Где летом холодно в пальто.. Глава 8 Зона

Дмитрий Правда
      Распахнули решетку отсека и по одному начали выгонять. Всех посадили на корточки. Пересчитали по головам, тридцать два человека. Наконец нас подняли и выстроили в две шеренги. Я осмотрелся. Мы оказались в так называемом конверте. "Конверт" -это въезд в колонию. Двое огромных ворот, между ними пространство. Метров десять в длину и столько же в ширину, по бокам две смотровые площадки.
         Когда из зоны или в зону заезжает машина, груженная неважно чем, будь то продукты питания или продукция, изготовленная заключенными, с этих смотровых площадок охранники тщательно ведут досмотр. Сам не видел, но многие, даже среди офицеров колонии поговаривали, что когда заключенный умирает на территории зоны, его соответственно,после освидетельствования врачей, выдают родственникам. И самое жуткое действие происходит как раз в "конверте". Желая убедиться в том, что освидетельствование врачей не куплено, труп протыкают шомполом, как кусок мяса.

         Ворота в конверте действуют по принципу: если одни открыты, то вторые автоматически закрываются. Так не получится, что одновременно будут распахнуты двое ворот, машине на скорости уже не проскочить. Колония, в которую я попал, входила в тройку лучших зон в государстве по системе безопасности.
        Зона была построена в 60е годы 20го века. В Советские времена ко всему подходили очень тщательно. На систему наказания работали целые институты, даже место постройки было выбрано не случайно. В народе это место называли "ведьмин яр".
        С годами, проведенными в этой колонии, я на себе испытаю это страшное название.
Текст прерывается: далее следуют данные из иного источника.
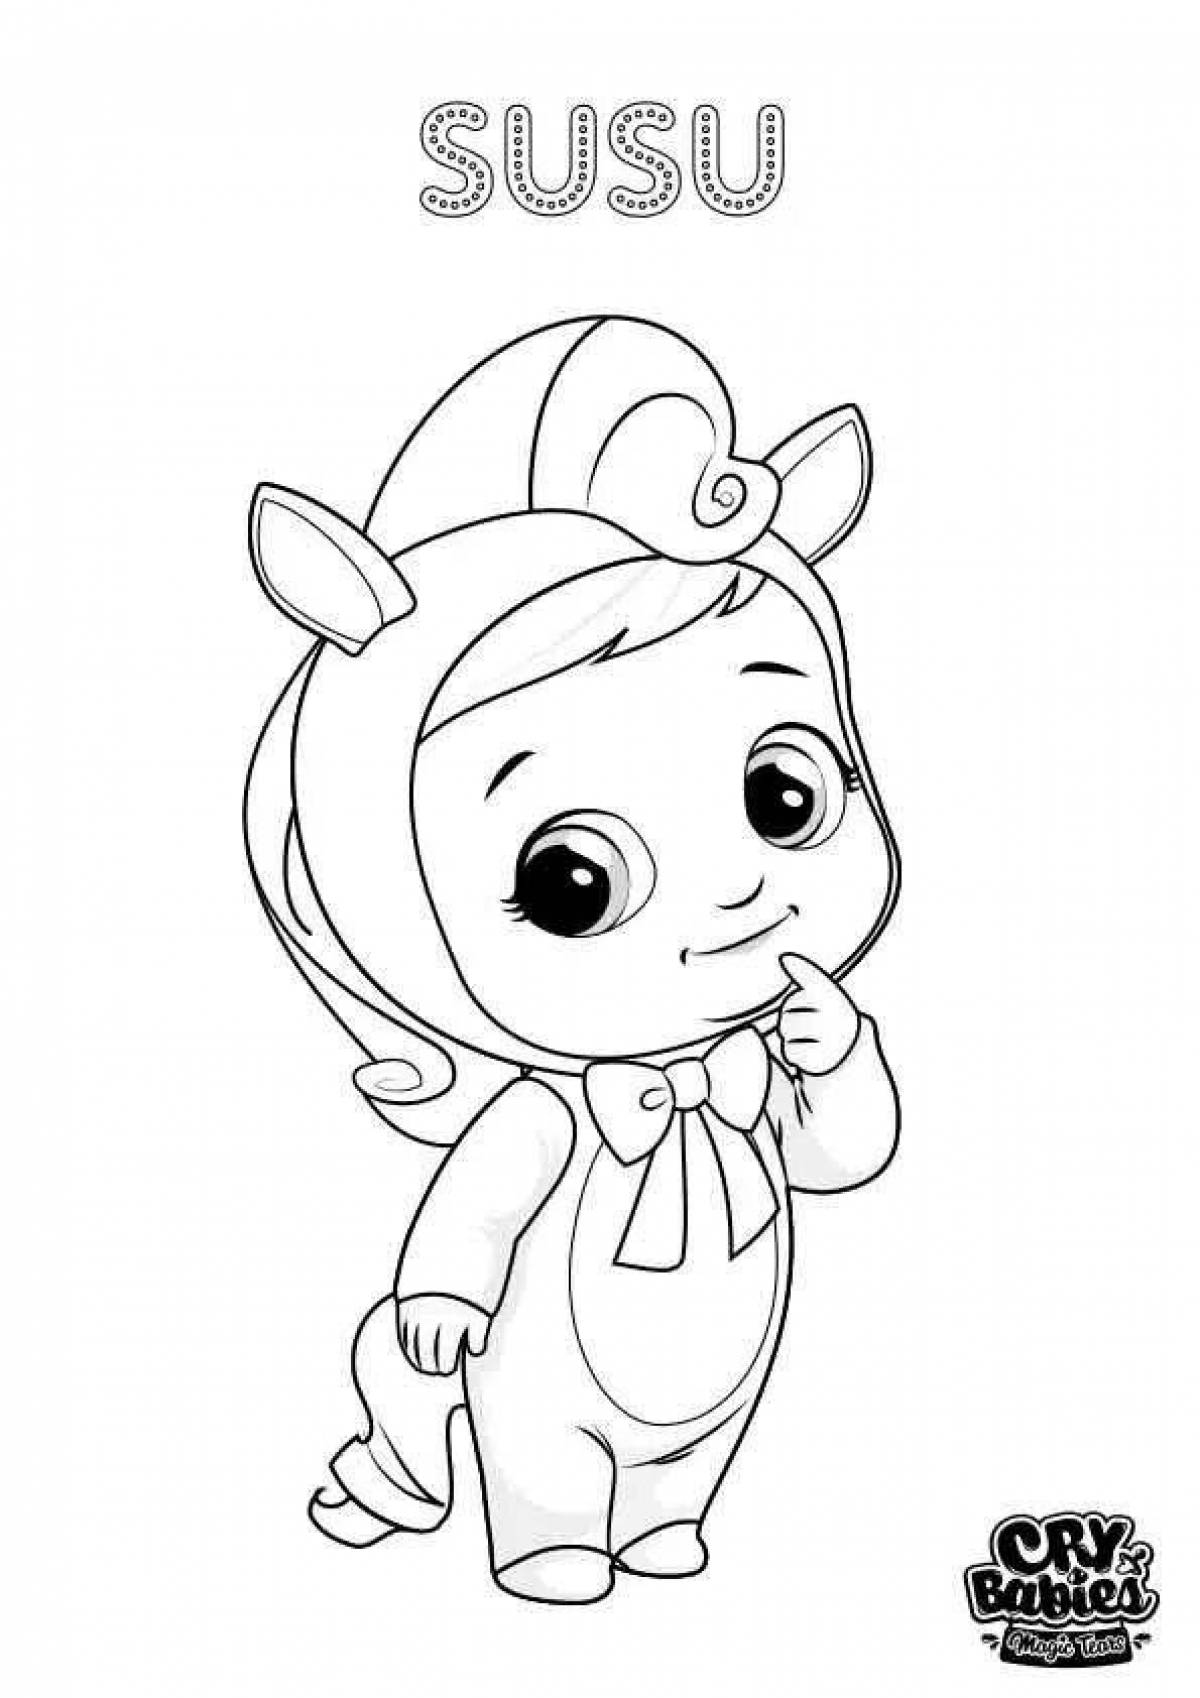 Fairytale crybaby coloring book

Если жара- то плюс сорок, если ветер- то с ног сбивает. Аномалии сплошь и рядом. Колония располагалась на окраине города. И я своими глазами видел не раз, когда над колонией бушевала гроза, над городом светило солнце.

        Подошли три офицеров, одна из них - полная женщина, майор. Женщина громко представилась:
-  "-Майор Остапенко Ольга Григорьевна, начальник спецчасти. Я буду по одному зачитывать фамилии, подходим ко мне на расстоянии вытянутой руки, без резких движений. Собаки отреагируют на любое не очень плавное движение. Называем срок, статья, а я сверю ваши физиономии с фотографиями в личном деле"
        Мое личное дело оказалось в мешке одним из последних. Начинало смеркаться. Майор долго всматривалась мне в лицо, сверяя оригинал с фото. Фотография в личном деле была сделана сразу по прибытию в СИЗО, с тех пор прошло 11 месяцев. Вместо 105 кг веса, осталось 80, видно эти изменения и пыталась свести в одно целое Ольга Григорьевна. Я заложил руки за спину. Лейтенант, стоявший рядом с майором, сразу напрягся.
     - Осужденный, руки держать перед собой, чтобы я видел.
   Молодой пацан, видно, сразу после армии. А сколько в нем ненависти и чувства вседозволенности. Он один из тех, кто может вершить судьбы на этом маленьком участке земли. Меня очень задел тон его речи. Уже практически год за колючкой, а все еще никак не могу не обращать внимания на бесцеремонный тон по отношению к себе.

        Поражало то, что чем выше звание, тем проще общаться, а всякая мелюзга так и норовит самоутвердиться за счет тебя. Я посмотрел в глаза этому лейтенанту, видно в моем взгляде бегущей строкой отразилось все то, что я думаю о нем. Он не был еще матерым надзирателем и поэтому стушевался, отвел взгляд.
        Мы взяли сумки и в сопровождении конвоиров побрели в сторону быткомбината. Вели нас через предзонник. Это такой маленький коридор, с двух сторон обнесенный колючей проволокой. Последний участок перед запретной зоной.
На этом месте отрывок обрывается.